So what's really recommended is not testing for alpha-1 at a population level, but really testing kind of more targeted, and that's because it is a rare condition, and so you want to identify populations who are at risk for alpha-1. And those populations are pretty clear. That's adults with COPD, adults with symptomatic emphysema, adults with asthma and incompletely reversible airway obstruction after bronchodilator therapy that suggests some component of COPD, and then, of course, all immediate family members of individuals with alpha-1 because if you can find an alpha you can generally find an alpha family. And then patients with unexplained chronic liver disease and patients who have undergone an initial evaluation of MASLD. I think they deserve a further look for alpha-1, because the testing is pretty straightforward and easy.

What the guidelines will say is to measure the alpha-1 level and the CRP level and the serum. Although in practice the CRP levels are not routinely measured, it's just a starting point. It's an alpha-1 serum level, and then to confirm that with genotyping.

You've seen this figure before, but the reason we want to evaluate is to see what is the clinical prevalence of liver fibrosis. So in a very large cross-section of individuals who are PiZZ, this is from multiple centers in Europe, you can see that liver stiffness range. In unselected patients, you can see that liver stiffness was quite high. And that we know that liver fibrosis will progress in over a third of patients based on a repeat liver biopsy study. And so that's why we advise ongoing monitoring for liver disease and in individuals who have the PiZZ genotype. It may progress.

So what is the right cut off? This is a question we might not know the exact answer to, but we're trying to get to the heart of it. There's some variability in the studies about what is the appropriate cutoff to look for maybe F2 fibrosis or more advanced fibrosis. And so in a recent meta-analysis, looking at the available data, suggested that if there were significant fibrosis, if the liver stiffness measurement was greater than 7.1 KPA, and that advanced fibrosis was likely if the liver stiffness measurement was greater than 9.5 KPA.

There's very limited MRE data and so any fibrosis, they just looked at the cutoff of greater than 3 KPA for an MRA. So that's not as common.

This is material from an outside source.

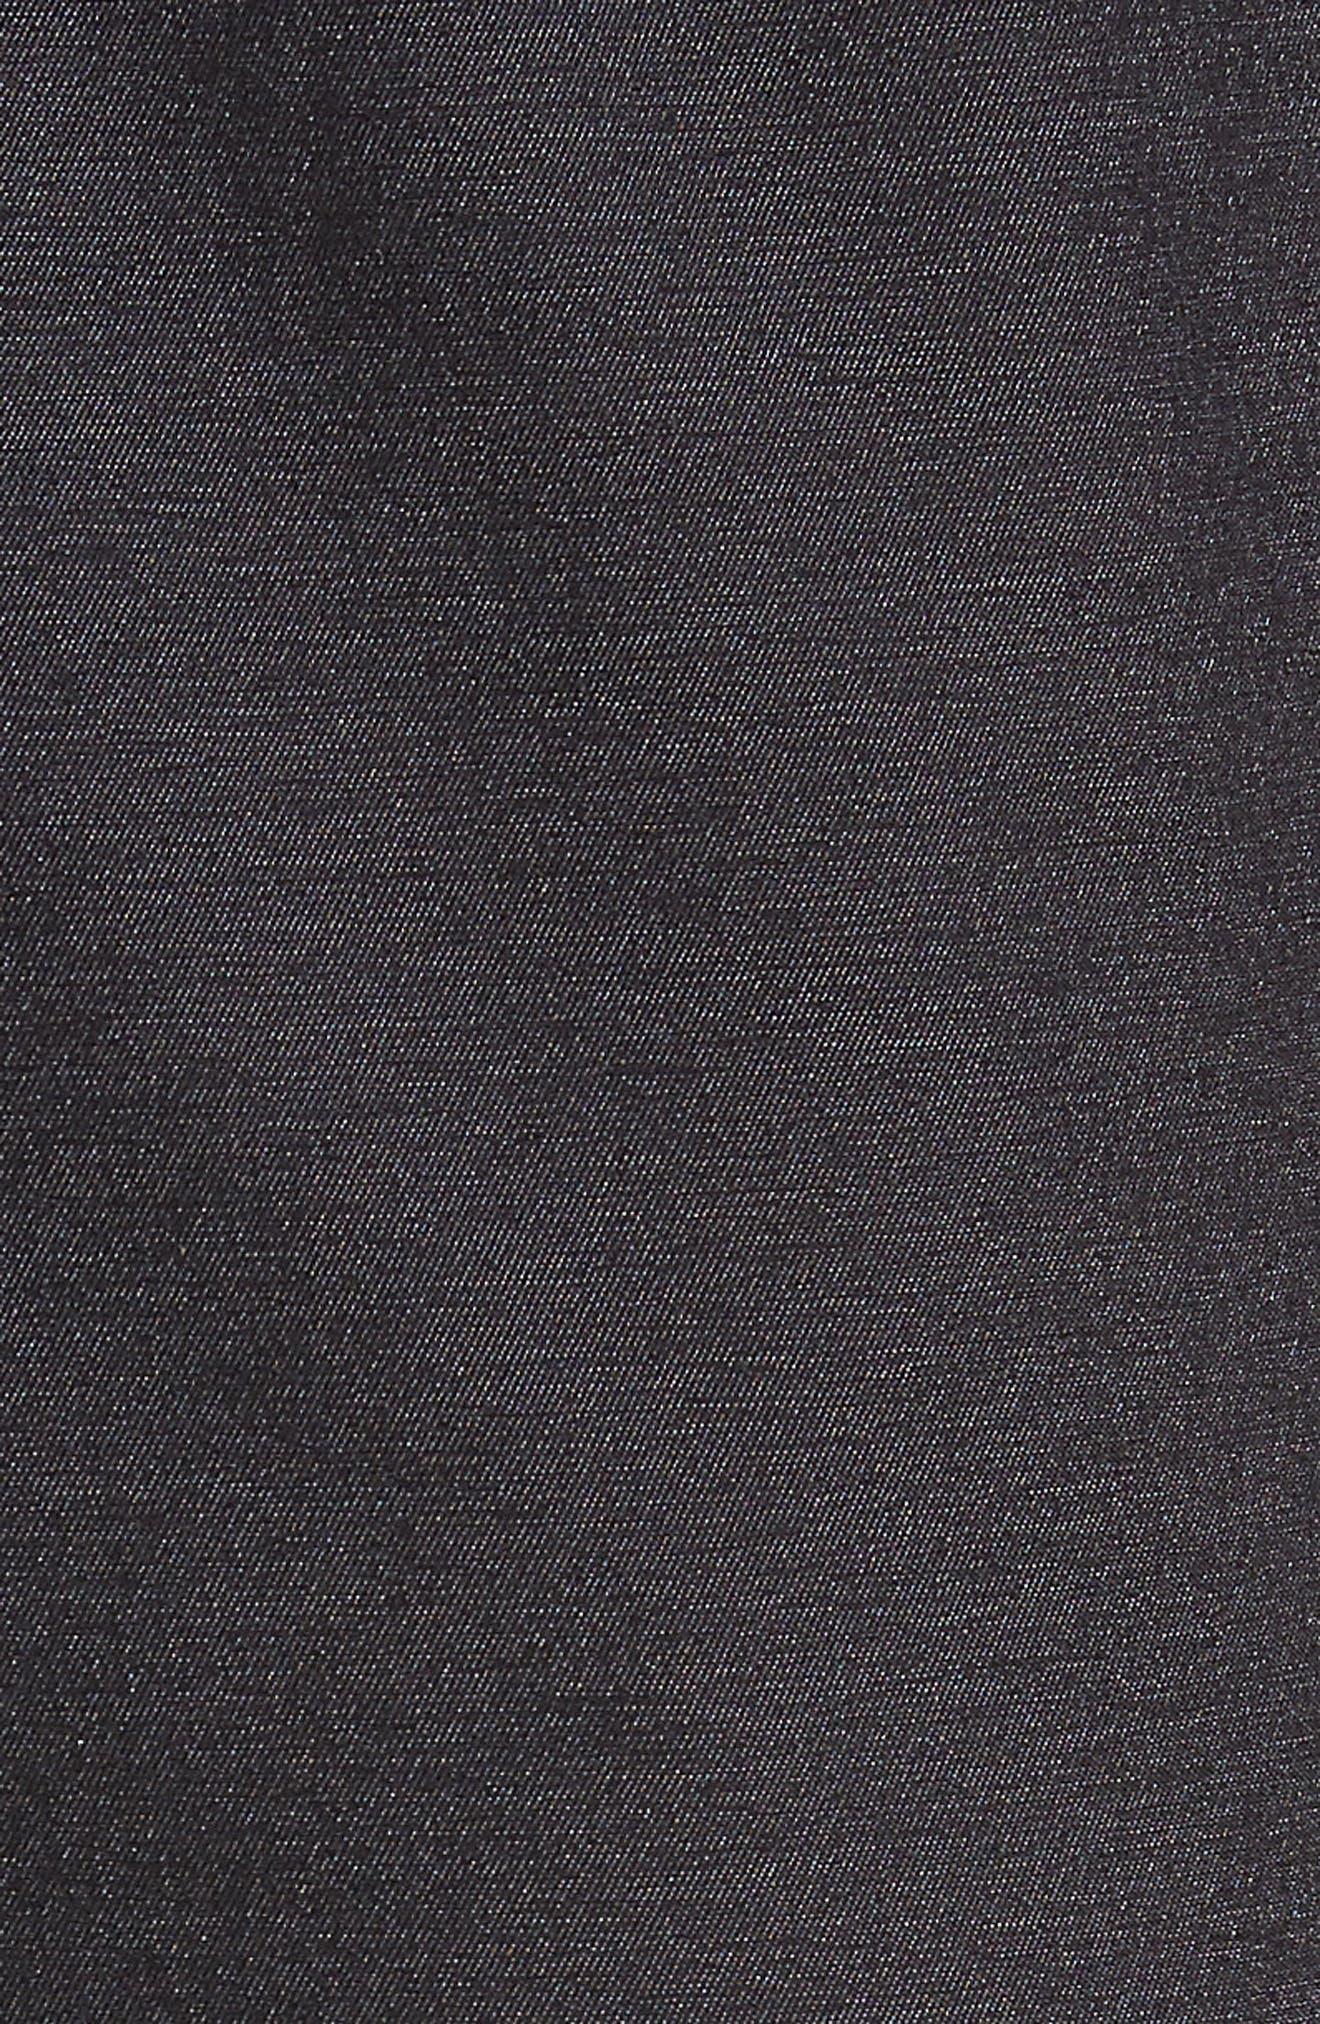 Relay Lounge Pants,                             Alternate thumbnail 5, color,                             Heather Black

It's not a most effective screening tool, which is what we would like to do for point-of-care testing for individuals with alpha-1.

 Role of Liver Biopsy

What is the role of a liver biopsy? I would say it's quite limited. I think where I use it and where a lot of people use it is when if you're noninvasive, testing is inconclusive or discordant, you want to just high fibrosis, one low fibrosis, or if you're really concerned that there might be an additional second hit.

We know, from a lot of other studies, that there is 10% to 15% of patients may have more than 1 liver disease. There could be something else. So you might want to, if you're concerned, you could do a biopsy to rule out autoimmune or more advanced MASH or things like that.

So I can show you this is a pared down version of what is a suggested approach to monitoring for alpha-1, and this certainly needs to be validated, but this is what was suggested after getting a group of experts together looking at the data.

So the starting point would be to start with a liver stiffness measurement evaluated by transient elastography, and then depending on the cutoff, you can see where you might think about reevaluating. So this cutoff would be less than 8 kilopascals. And then probably every 2 to 3 years knowing that fibrosis progression is slow. But if you're in this indeterminate or intermediate range of a kilopascal on your transient elastography anywhere from 8 to 13, this is where you might consider additional noninvasive measures, such as an MRE or an ELF testing or even depending on what's available in your location or liver biopsy, if you have discordant results from greater than 2 noninvasive testings.

And so then how often if you establish that the F2 fibrosis or F3 fibrosis is present, it's probably pertinent to reevaluate them every 1 or 2 years, that is because the rate of fibrosis progression in individuals with alpha-1 is not super well established, and there is definitely some variability depending on what the other genetic modifiers are underlying risk factors for disease might be.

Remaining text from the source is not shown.